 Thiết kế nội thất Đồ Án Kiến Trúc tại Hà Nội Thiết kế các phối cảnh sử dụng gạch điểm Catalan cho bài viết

* * *

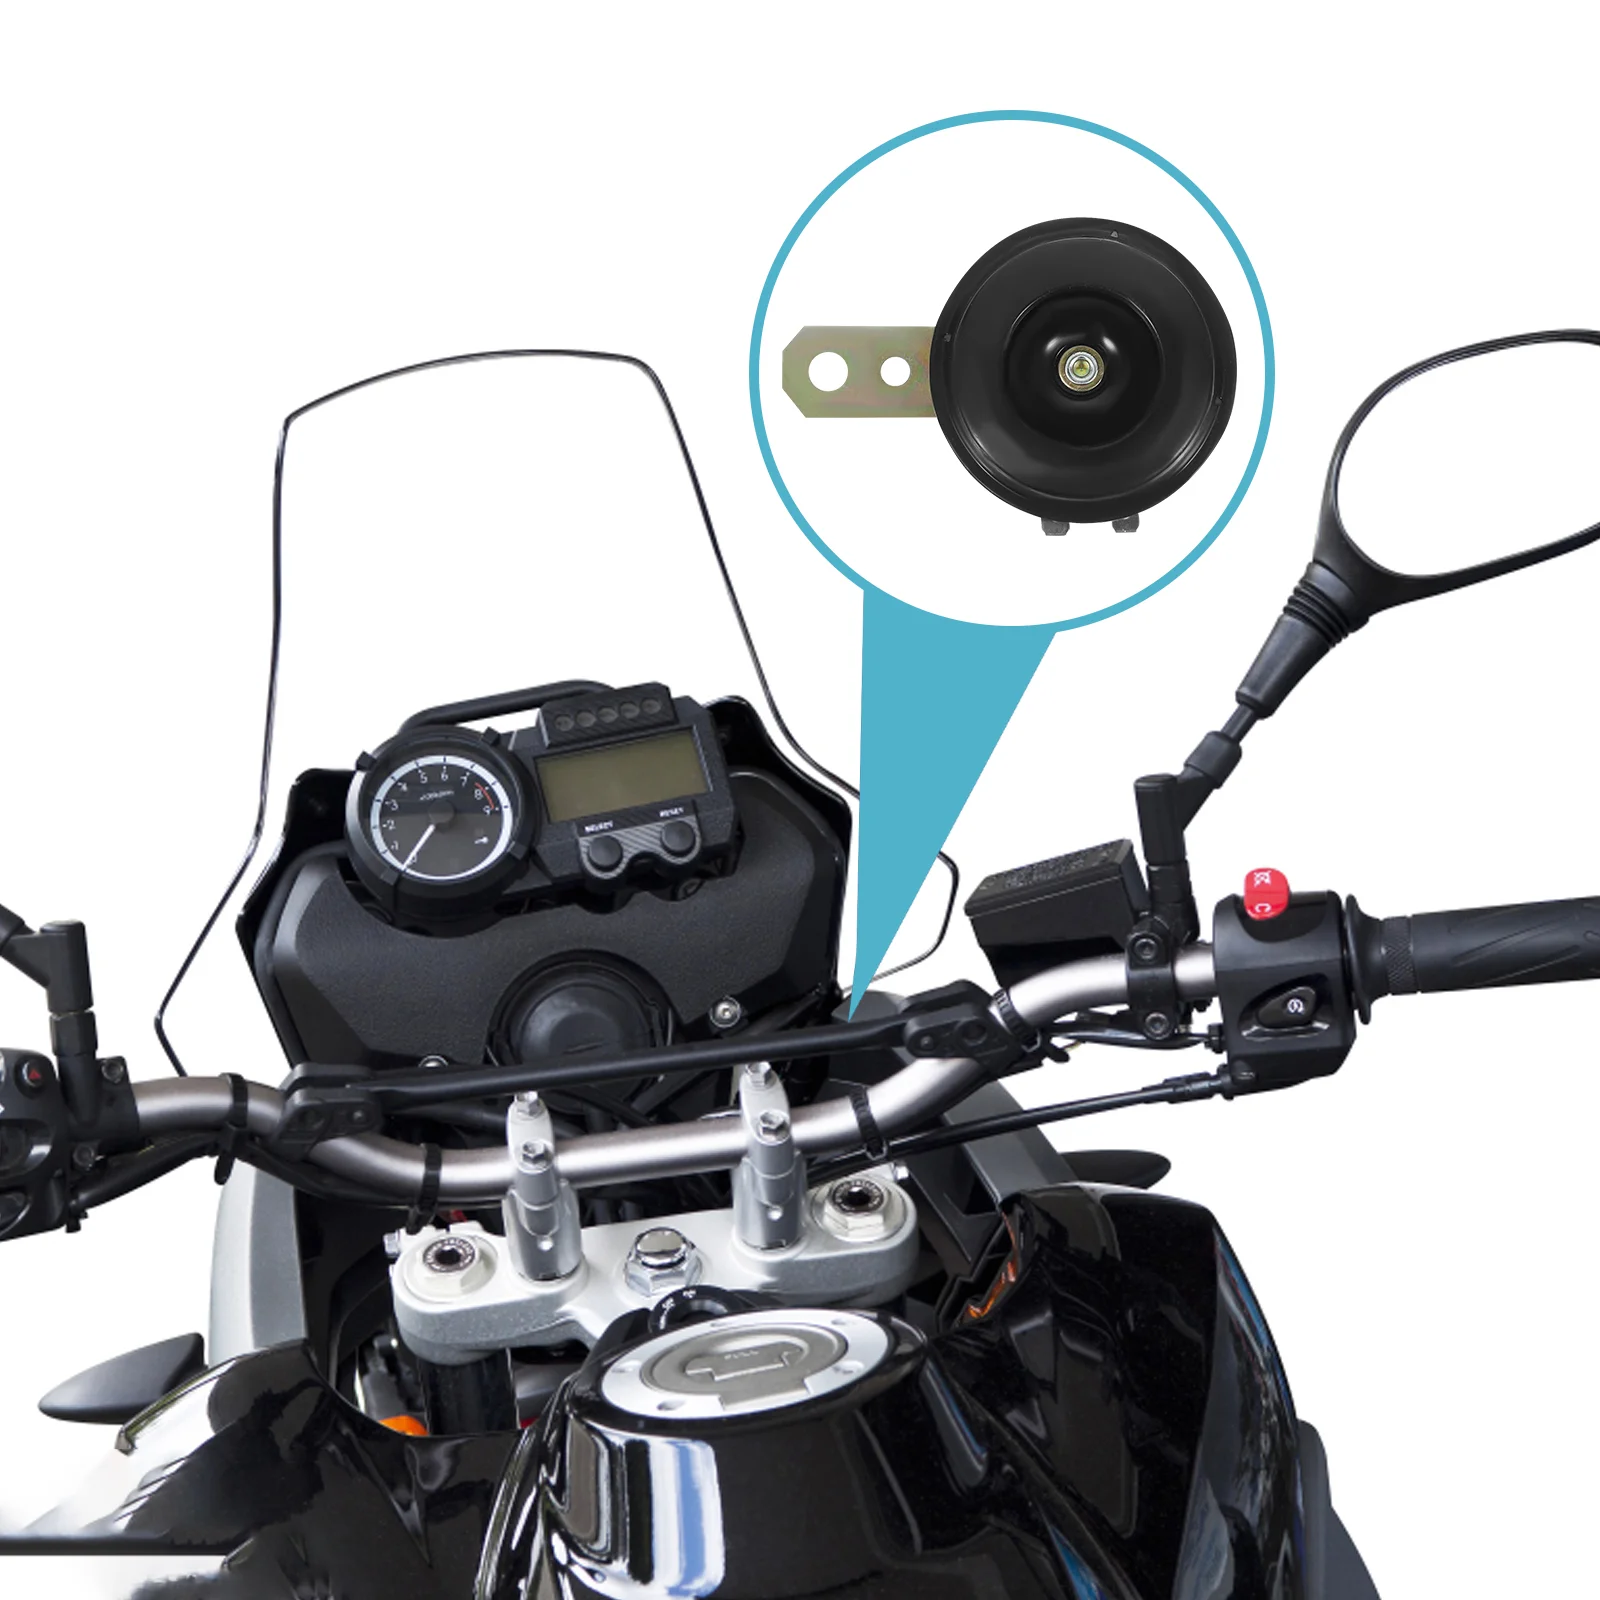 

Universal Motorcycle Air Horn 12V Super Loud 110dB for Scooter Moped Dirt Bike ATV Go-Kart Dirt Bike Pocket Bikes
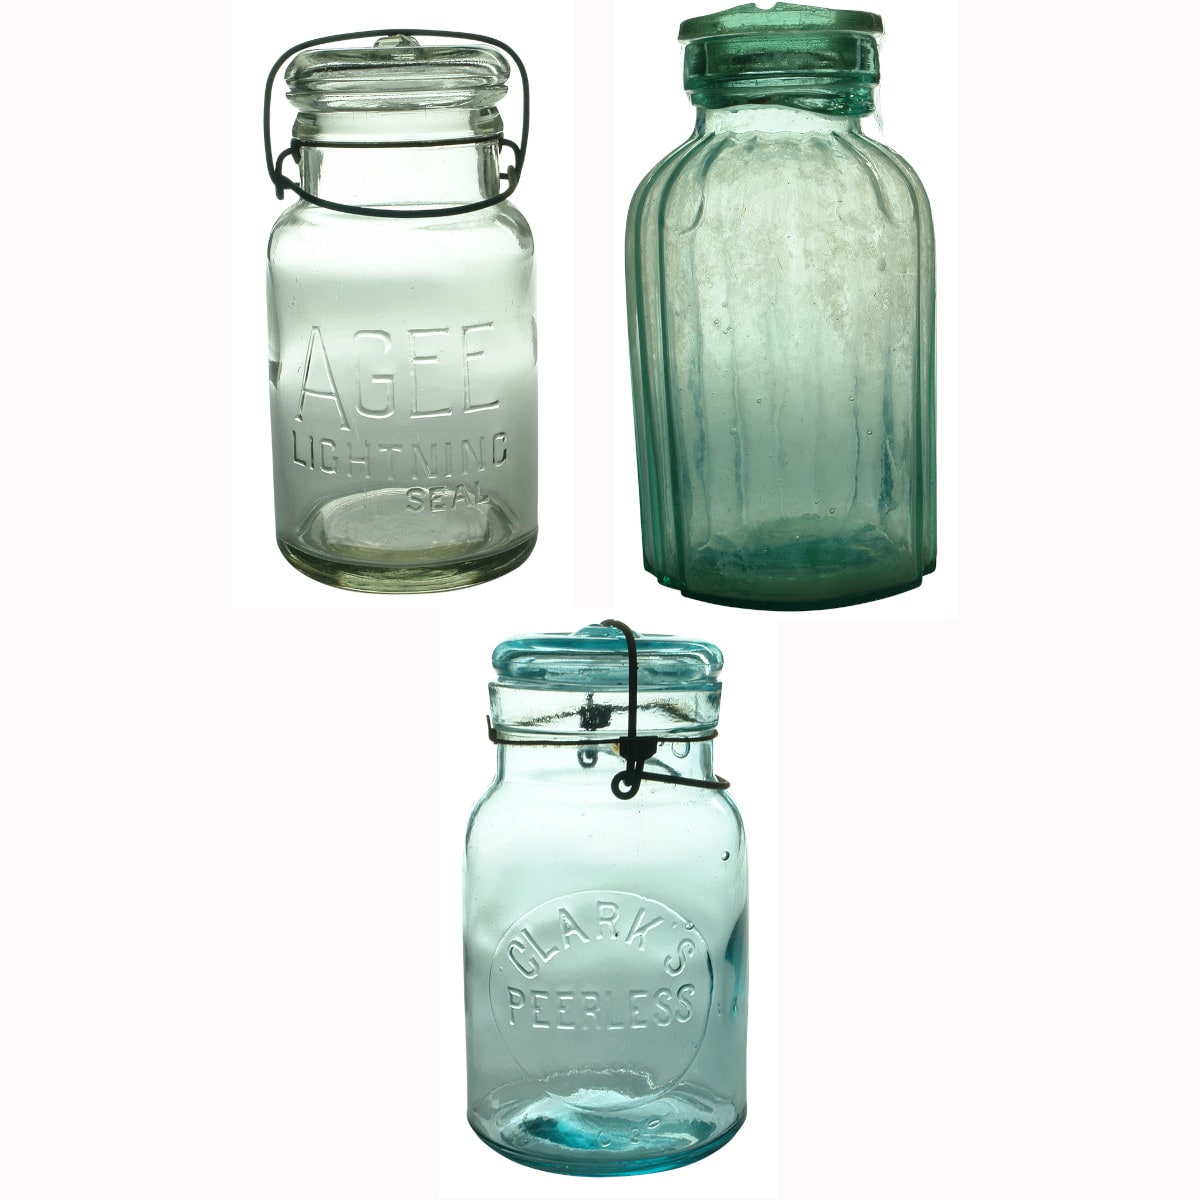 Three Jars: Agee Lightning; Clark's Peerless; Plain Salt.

§ EXERCISE INSTRUCTIONS
Write out exactly the lines above between the one with "Universal Motorcycle Air" and the one with "Three Jars: Agee", inclusive, with pictures left out.

§ SOLUTION FOR THIS TASK
Universal Motorcycle Air Horn 12V Super Loud 110dB for Scooter Moped Dirt Bike ATV Go-Kart Dirt Bike Pocket Bikes
 Three Jars: Agee Lightning; Clark's Peerless; Plain Salt.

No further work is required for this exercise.